There he meets Sasha and a whole cast of revolutionary students who share a communal squat and idealistically debate politics and the virtues of direct action as only students of the 1960s could. The bond he forms with Sasha is deep. Indeed, there is something homoerotic about the friendship these men share. Although they never become lovers, the language le Carre uses to describe their relationship is the language of seduction and obsession.

These two, Sasha and Mundy, are beautifully drawn characters, at the same time compelling and complex, and the story is told through the eyes of the 50-something Mundy as he looks back upon his life as a bit political player in a tragic and tumultuous century.

But the book is more than a nostalgic look back at a single life; it is a counter university in and of itself.
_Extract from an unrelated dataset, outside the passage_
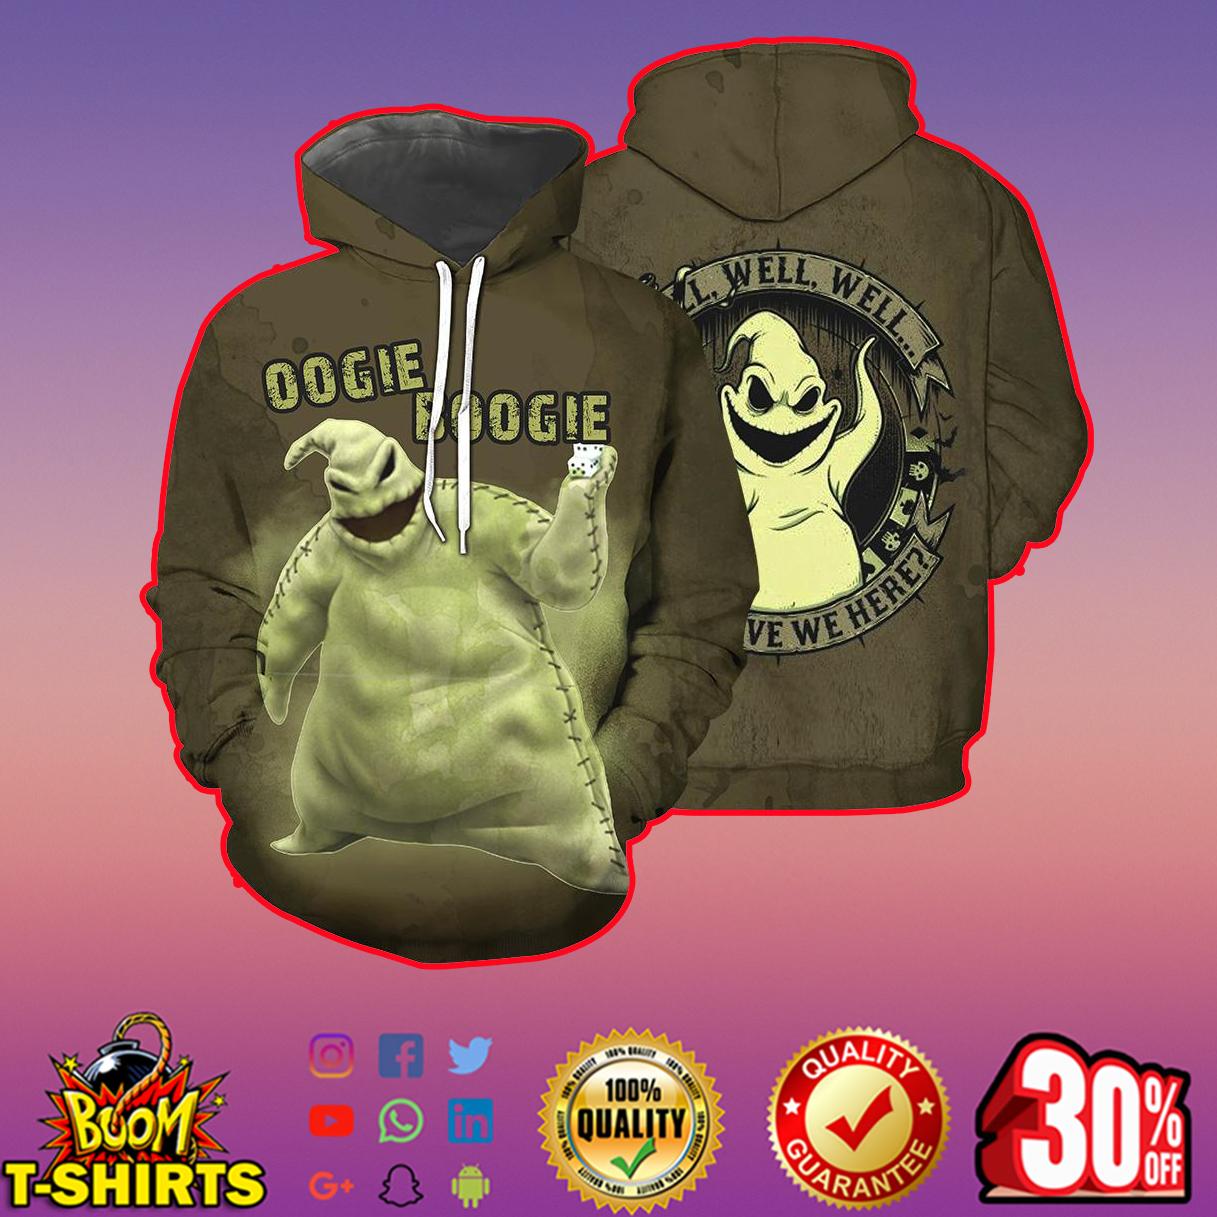 Oogie Boogie 3d shirt, 3d hoodie - hoodie 3d

Names of authors whose work challenges what Sasha would call the "dominant corporate-political paradigm" tumble out of characters' mouths as though le Carre were pleading with his readers to jot them down and investigate further, to direct their attention to people who hold points of view that are rarely given air time.

The incredible force of the book comes from le Carre's ability to convey passionately the sweep of historical forces that span decades while in the exact same sentences portraying the frailty of the human heart in the face of unspeakable sadness.

No matter what your political opinions about the war in Iraq or the neo-con agenda are, this book is a literary masterpiece that you should not miss. The passion and eloquence leap from the pages of this well-told novel. This is le Carre's best work yet, and that's saying something.